The AdminDataStore class provides methods for user administaration (except delete user) and DCAT source administration (exception deletion). The method for adding a user can also be used for updating users, and there is logic for stopping multiple users having the same username. Same goes for adding DCAT sources, however multiple users are allowed to add the same URL for harvesting. This doesn't mean they share the same source.

AdminDcatDataService provides delete methods for both DCAT sources and users. When deleting a user, you first have to clean up all the users DCAT sources.

DcatDataStore is the abstraction used for storing the harvested DCAT data from a DCAT source, and also for retrieving said data.

The Fuseki and Elasticsearch are simple abstractions above Fuseki and Elasticsearch to simplify inserts, updates and deletes.

dcat-generate-dummy-data

Small stand-alone program for generating test data in DCAT format.

dcat-harvester-app

Module for harvesting DCAT data from sources.

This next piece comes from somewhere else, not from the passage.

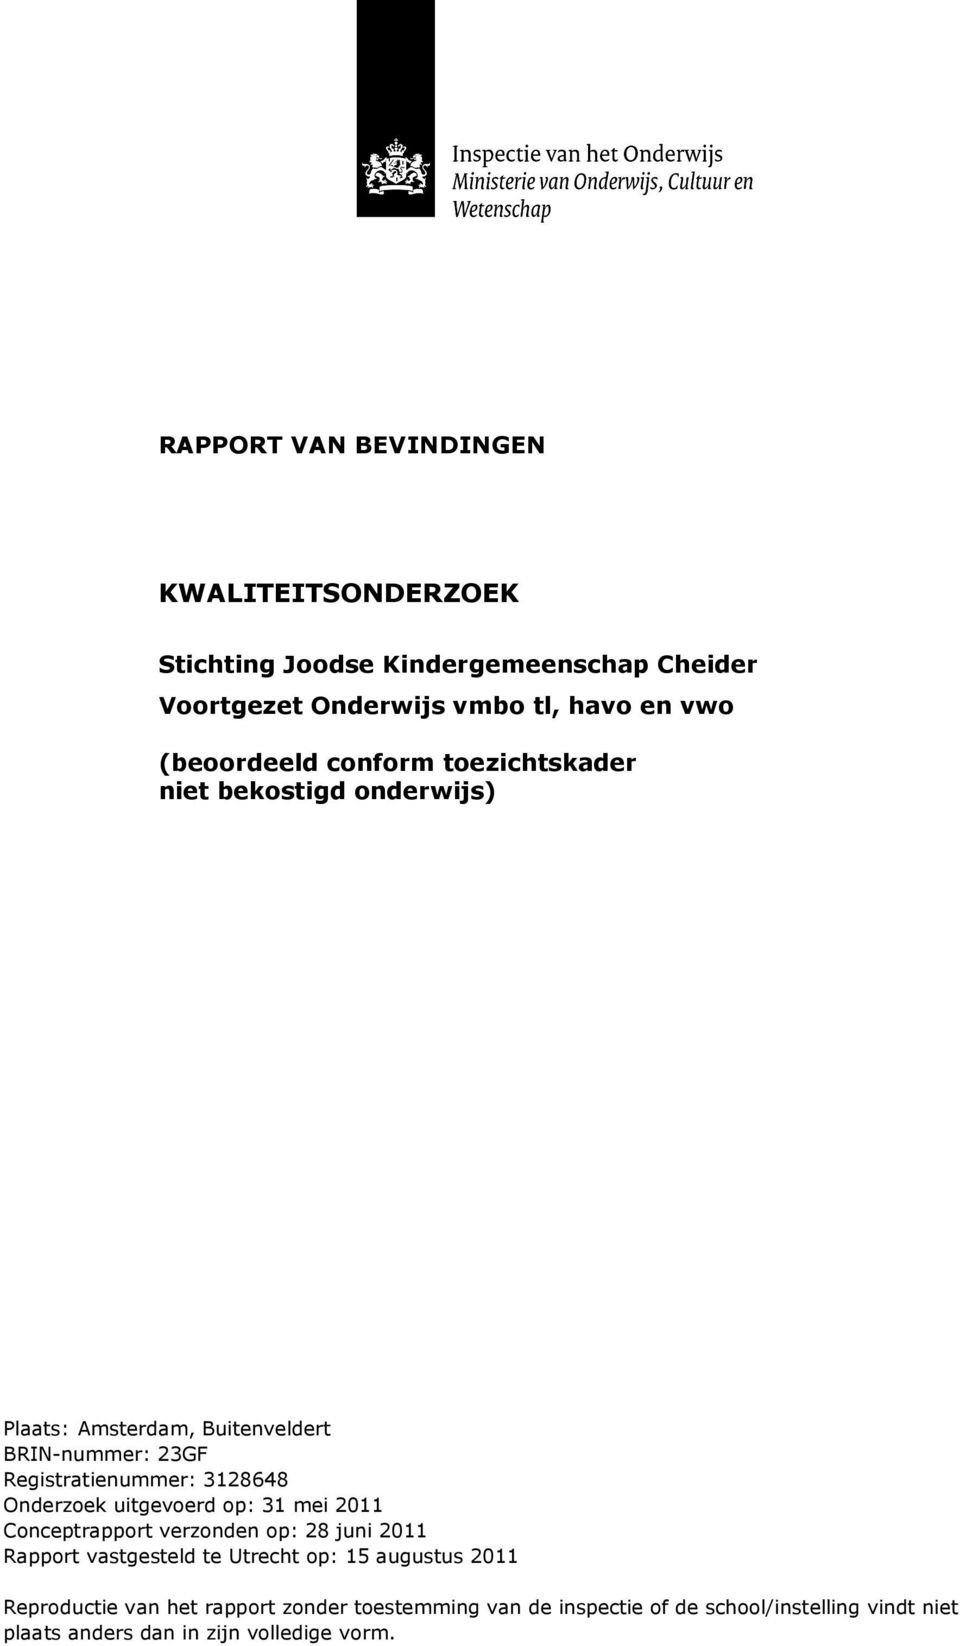 3128648 Onderzoek uitgevoerd op: 31 mei 2011 Conceptrapport verzonden op: 28 juni 2011 Rapport vastgesteld te Utrecht op: 15 augustus

The main component of the system, designed to retrieve DCAT data from various sources and incorporate it into a single database

A CrawlerJob is the main process of the harvester. It downloads DCAT data from a specified source, does validation and any transformations required before sending it to be Fuseki and Elasticsearch.

The validation is a set of SPARQL queries that return any invalid data. The queires are available in the resources folder under validation-rules/from-eu. The rules are a copied from https://github.com/EmidioStani/dcat-ap_validator

CrawlerJob information is stored in Fuseki, together with user information in the uses database.

A CrawelJob can be initiated with a request to /api/admin/harvest-all or /api/admin/harvest?id=CRAWLER_ID_HERE

To support data from Vegvesenet and from Entryscape there are two transforms in CrawlerJob. enrichForEntryscape(model) will transform Entryscape data and enrichForVegvesenet(model) will transform data from Vegvesenet.

XmlToRdf

DCAT Catalogs can contain identifiers for corporations and organisations. These identifiers can be looked up in the Brønnøysund registers to find the name and other information about the organisations.

This information is in XML, so to convert it we use XmlToRdf. This is an early version of XmlToRdf, the library has since been developed further and released as an open source project: https://github.com/AcandoNorway/XmlToRdf

Building and running

Prerequisits

docker
docker-compose
a unix operating system (for simplicity, not really a requirement)
Java 8
maven >3.3.x

The easiest and simplest way to build and run the system is to use the command line script ./rundocker.sh which will build the Java modules, build all the docker images and then start the containers.

The admin interface should now be available at http://localhost:8080/dcat-admin-webapp/

The docker setup is not intended for production use.